━━━━━ Recorded information ━━━━━

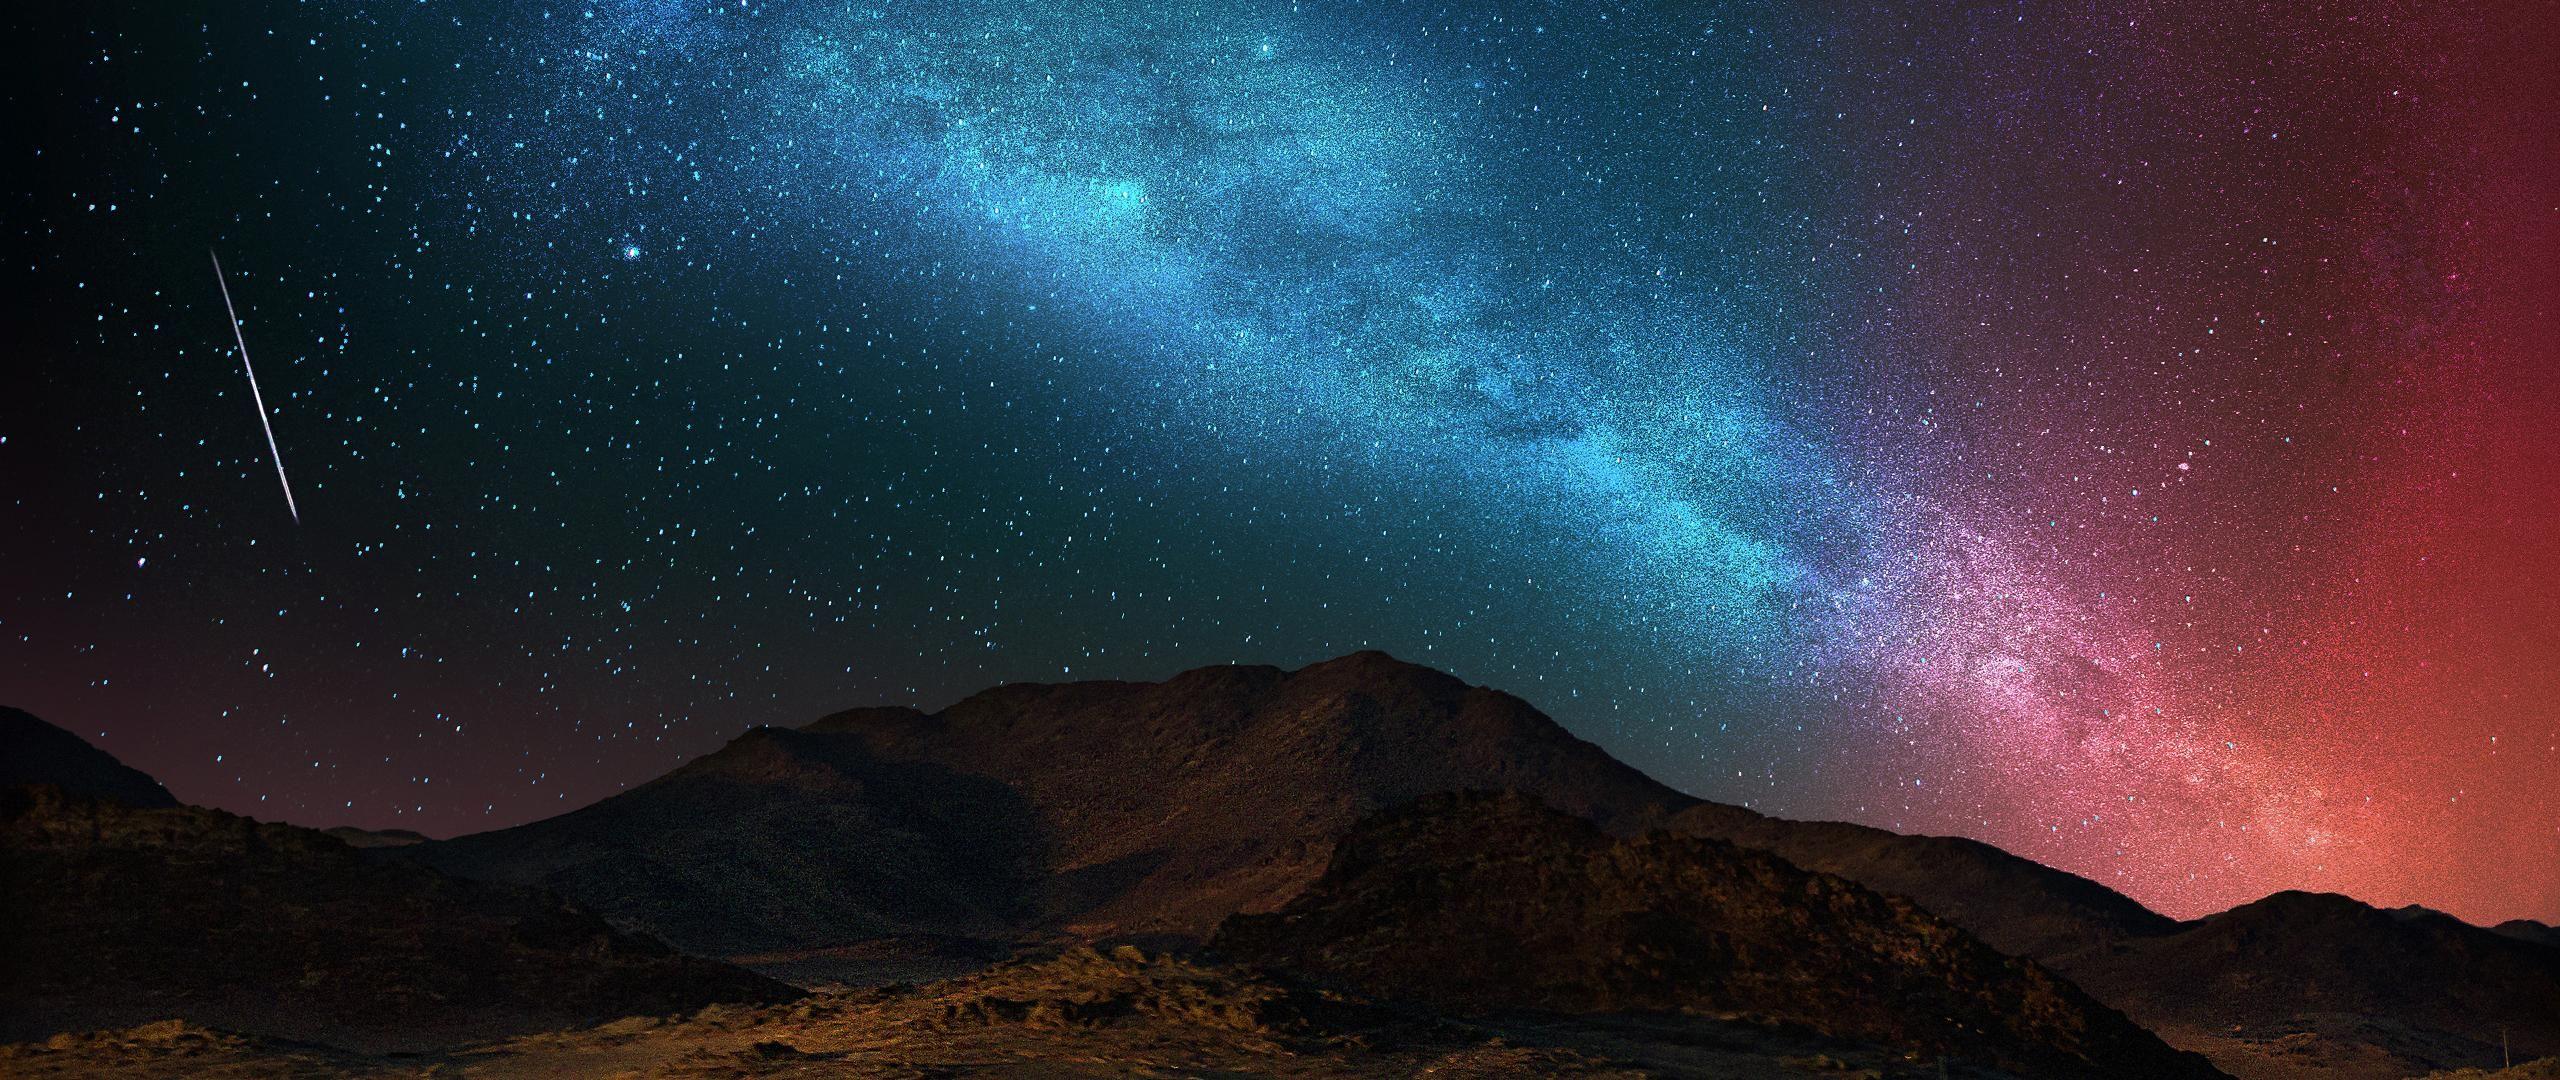 Widescreen Ubuntu Wallpaper. nature. Starry night wallpaper, Sky
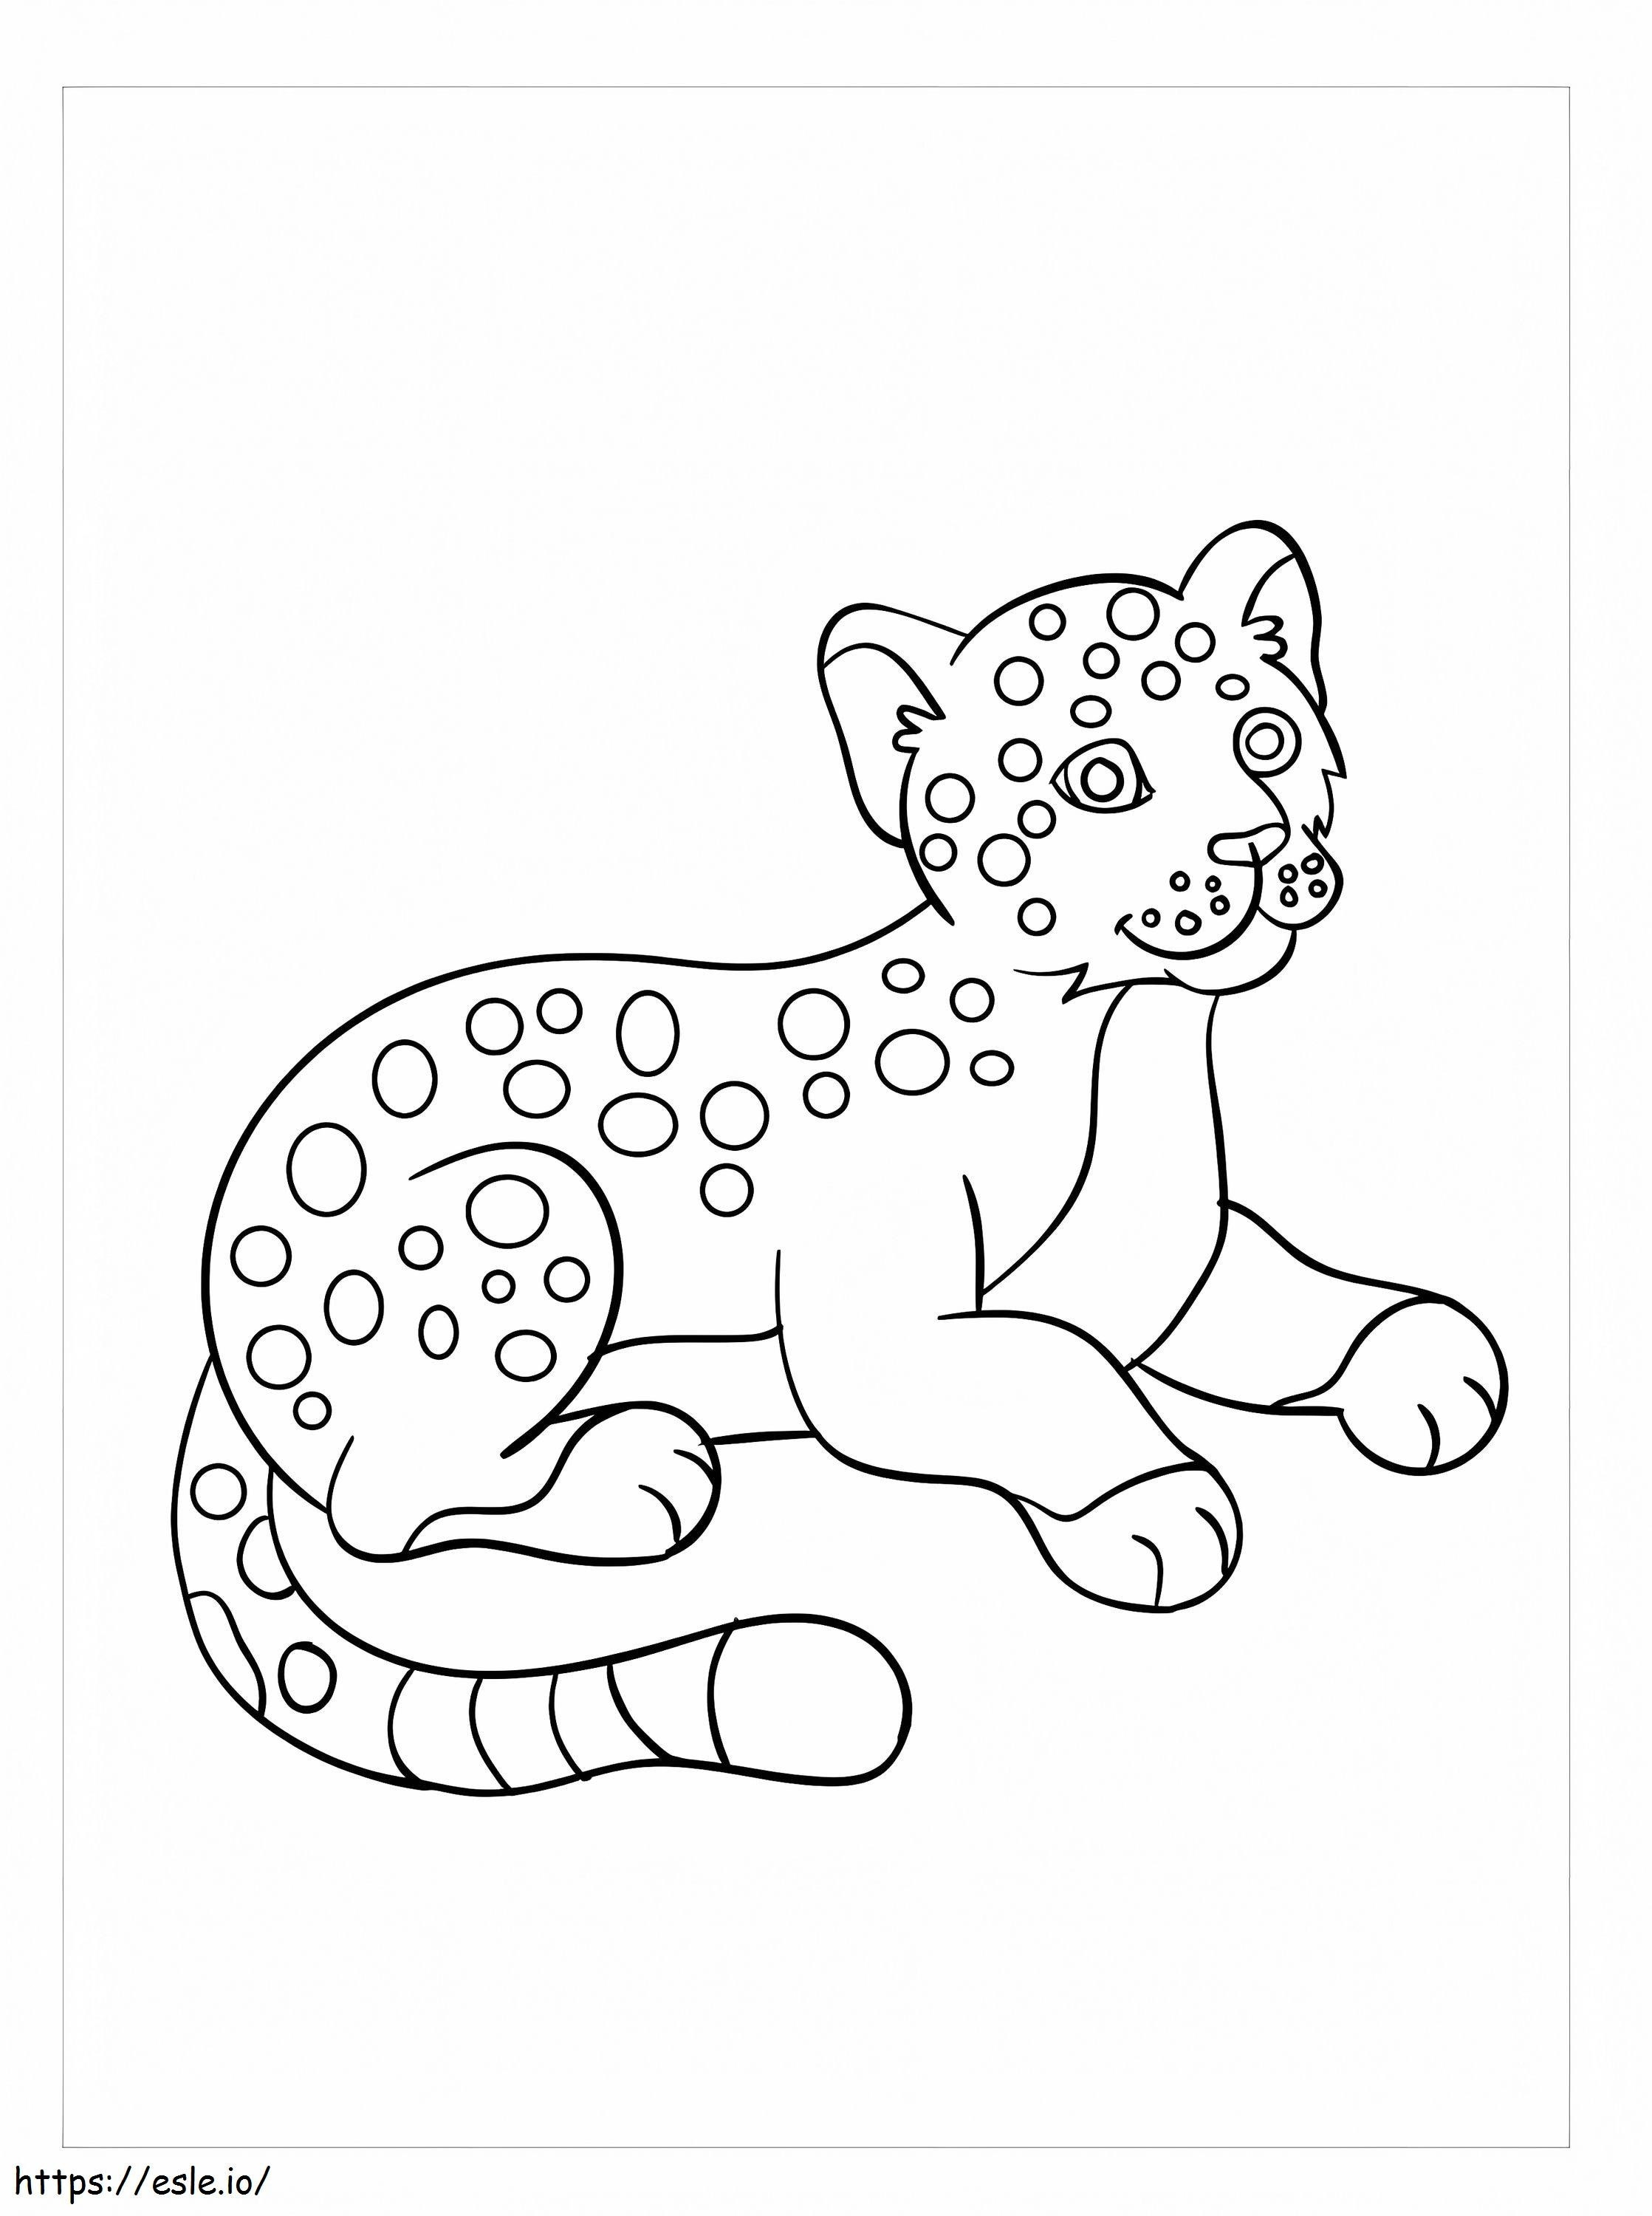 Little Reclining Jaguar coloring page
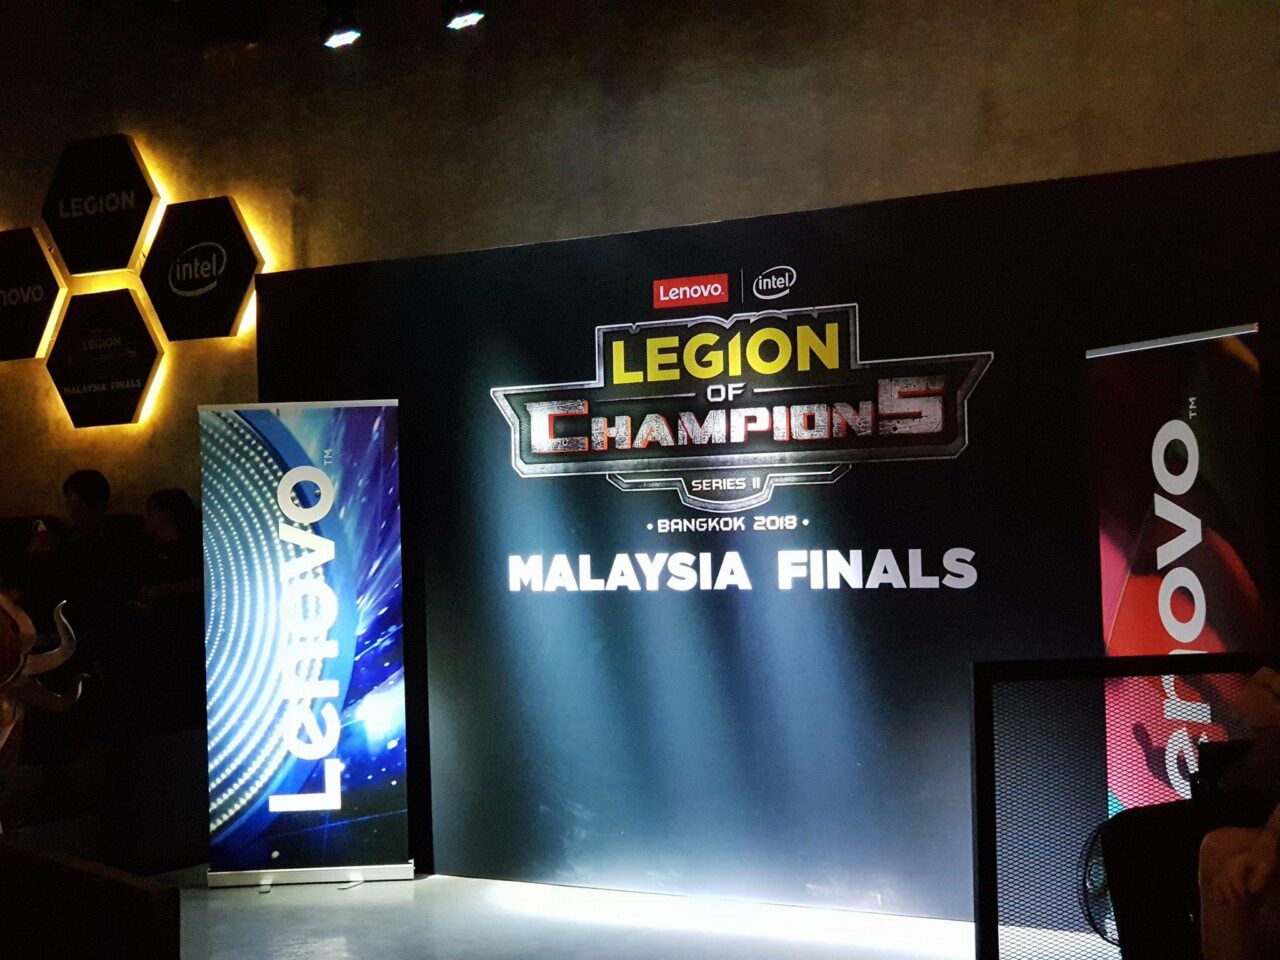 League Of Champions Series II选出League of Legends最强大马代表，前往曼谷角逐国际冠军宝座！

━━━━━

Brief
Omit the pictures, then copy out all the data exactly as it stands.

Result
 Widescreen Ubuntu Wallpaper. nature. Starry night wallpaper, Sky
 Little Reclining Jaguar coloring page
 League Of Champions Series II选出League of Legends最强大马代表，前往曼谷角逐国际冠军宝座！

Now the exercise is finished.